The biggest concern I have is on the terminology of self defense. Many of the takedowns and finishing positions you are actually putting yourself are excellent for competitions but not so much for street wise especially when the possibility of having multiple opponents.


----------



## Martial D (May 17, 2018)

Matt Bryers said:


> This is by far my favorite forum ever for Martial Arts.  It is a great pleasure talking with and engaging passionate martial artists.  I put a lot of our videos on our YouTube channel (see signature).
> 
> But since you all the truly dedicated martial artists, I would love your opinion on some of the training we do.
> 
> ...


Lots of heavy contact and matwork. I like it. A lot of those arm throws are super low percentage novelty items but still cool to know.

What is the style background here?


----------



## Kung Fu Wang (May 18, 2018)

Matt Bryers said:


> would love your feedback.


I like your clip. It's very realistic.

There are 2 different ways to train.

1. Self defense - Your opponent attacks. You respond to it.
2. Sport fight - You attack. Your opponent responds. You then respond to his respond.

IMO, 2 > 1. The reason is simple. You don't have any dependency.


----------



## JowGaWolf (May 18, 2018)

Matt Bryers said:


> This is by far my favorite forum ever for Martial Arts.  It is a great pleasure talking with and engaging passionate martial artists.  I put a lot of our videos on our YouTube channel (see signature).
> 
> But since you all the truly dedicated martial artists, I would love your opinion on some of the training we do.
> 
> ...


I'm not a fan of sequence training in the context of  if you do A then B will be open and you can follow up with C, and then do D.   I've tried this in my own system and my experience has been that when I do A, B rarely becomes open in a way that I can follow up with C.  Sometimes when you hit someone in the head, they don't go in a direction that will allow you to continue the sequence.

The only times the sequence training has worked for me is when one technique is done to set up another.   In other words,  I have to do A in order to B.  B doesn't happen unless I do A.  It's like a package deal. 

With that said, sequence training is still valuable as it helps your body to know what it can do if it finds itself in a certain position.   A sequence of  1, 2, 3 can be trained, but in a real fighting the sequence may be 2 or 2 and 3, or just 3. 

The reality of it all is that you'll never grasp the reality of a sequence until you actually try to pull it off in free sparring.  Some things will work and other things won't, as trained in the sequence.


----------



## Anarax (May 18, 2018)

Looks good, it's nice when you get to a certain level in your training where you can explore and experiment.


----------



## Buka (May 18, 2018)

I liked it a lot, Matt. What you guys do, you do well. I love being in a small group and experimenting the heck out of things. It's so much fun and it almost like dessert after everything else. Just one of those things that makes the dojo like a second home.

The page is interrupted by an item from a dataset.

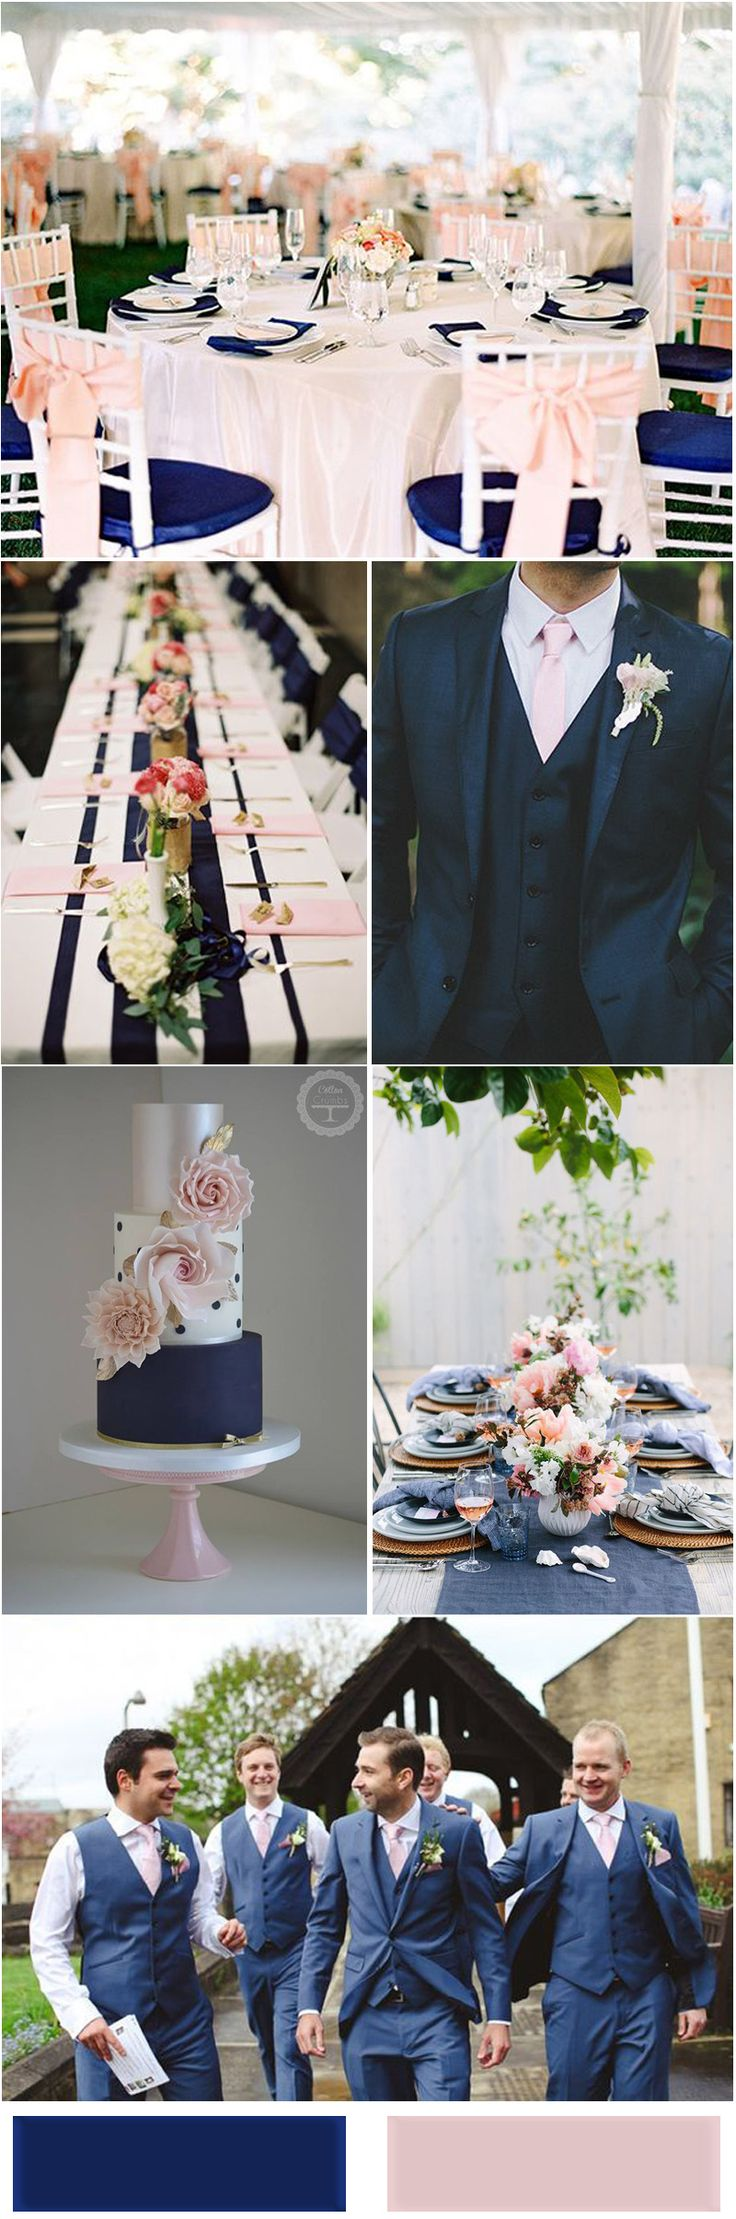 Best 25 Navy blush weddings ideas on Pinterest  Blush wedding colour theme 2015 wedding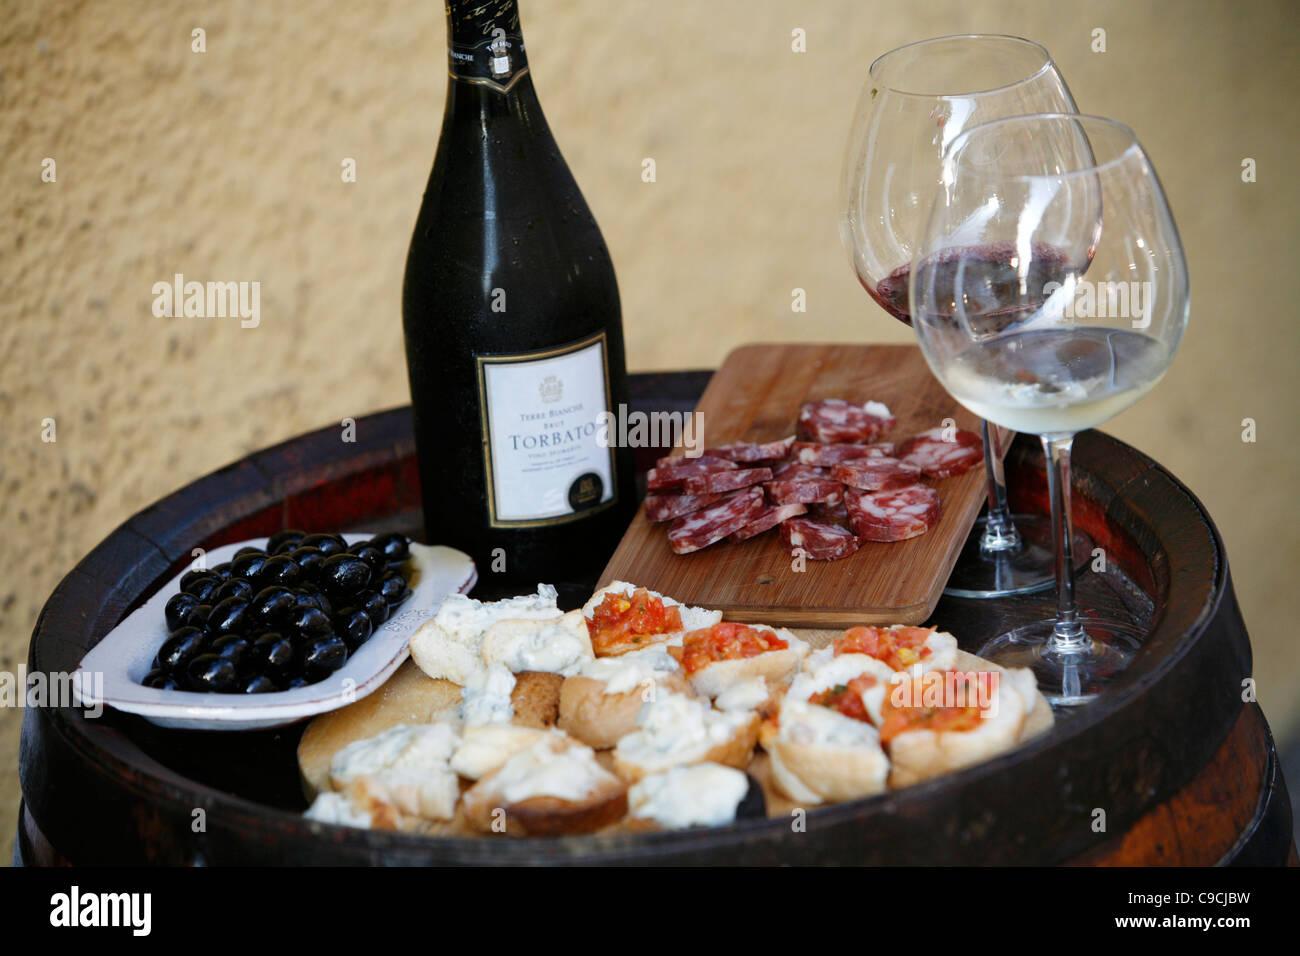 Plate of cheese, salami, olives and wine at Osteria Da Lio, La Maddalena, Sardinia, Italy. - Stock Image

Makes me want to watch more of your vids, which I know are there. Makes me want to do some Russians, too, which I haven't done in a long while. 

Keep it up, bro.


----------



## Tony Dismukes (May 18, 2018)

It looks like a fun way to experiment. Of course, you would want to validate the sequence in sparring before teaching it in a regular class.

That said, going to the sacrifice throws off of the Russian seems inefficient and unnecessarily risky for a street self defense scenario. Probably for a MMA context too, although I'm open to being persuaded with some empirical evidence.


----------



## Matt Bryers (May 23, 2018)

Tony Dismukes said:


> It looks like a fun way to experiment. Of course, you would want to validate the sequence in sparring before teaching it in a regular class.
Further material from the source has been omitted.